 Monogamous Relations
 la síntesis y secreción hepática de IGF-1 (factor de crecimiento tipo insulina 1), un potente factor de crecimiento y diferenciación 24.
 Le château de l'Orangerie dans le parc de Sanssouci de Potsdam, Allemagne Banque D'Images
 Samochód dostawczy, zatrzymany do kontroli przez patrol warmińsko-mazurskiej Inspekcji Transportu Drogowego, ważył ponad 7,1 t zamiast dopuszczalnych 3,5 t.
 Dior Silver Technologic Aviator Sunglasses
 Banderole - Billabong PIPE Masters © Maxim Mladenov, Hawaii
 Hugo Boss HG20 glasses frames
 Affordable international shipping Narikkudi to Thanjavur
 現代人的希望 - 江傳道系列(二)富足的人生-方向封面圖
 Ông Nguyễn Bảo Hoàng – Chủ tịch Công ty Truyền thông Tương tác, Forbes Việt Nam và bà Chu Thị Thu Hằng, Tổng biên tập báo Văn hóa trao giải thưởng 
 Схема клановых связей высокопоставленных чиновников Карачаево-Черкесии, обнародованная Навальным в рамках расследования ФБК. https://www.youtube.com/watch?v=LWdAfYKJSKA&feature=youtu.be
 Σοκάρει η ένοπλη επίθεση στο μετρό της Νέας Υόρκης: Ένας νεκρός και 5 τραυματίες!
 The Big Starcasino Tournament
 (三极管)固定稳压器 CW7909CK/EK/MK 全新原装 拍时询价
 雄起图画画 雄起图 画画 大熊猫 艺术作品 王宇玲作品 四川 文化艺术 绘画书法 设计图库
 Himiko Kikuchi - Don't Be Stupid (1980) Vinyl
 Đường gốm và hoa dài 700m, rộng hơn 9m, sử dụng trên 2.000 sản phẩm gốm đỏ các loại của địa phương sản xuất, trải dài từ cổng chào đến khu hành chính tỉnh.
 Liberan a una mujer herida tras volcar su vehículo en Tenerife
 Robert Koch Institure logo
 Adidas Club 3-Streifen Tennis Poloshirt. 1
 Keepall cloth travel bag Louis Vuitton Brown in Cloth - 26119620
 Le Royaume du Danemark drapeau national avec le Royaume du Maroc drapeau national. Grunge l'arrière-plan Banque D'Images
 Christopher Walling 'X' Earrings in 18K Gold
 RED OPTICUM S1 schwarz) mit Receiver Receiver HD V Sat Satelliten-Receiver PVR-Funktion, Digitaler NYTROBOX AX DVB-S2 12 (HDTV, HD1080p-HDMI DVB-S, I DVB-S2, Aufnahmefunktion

- _To do_
Which lines above run from the one containing "Himiko Kikuchi - Don't" down to the one containing "Robert Koch Institure logo"? Repeat exactly those, both ends included, and nothing else.

- _Answer below_
 Himiko Kikuchi - Don't Be Stupid (1980) Vinyl
 Đường gốm và hoa dài 700m, rộng hơn 9m, sử dụng trên 2.000 sản phẩm gốm đỏ các loại của địa phương sản xuất, trải dài từ cổng chào đến khu hành chính tỉnh.
 Liberan a una mujer herida tras volcar su vehículo en Tenerife
 Robert Koch Institure logo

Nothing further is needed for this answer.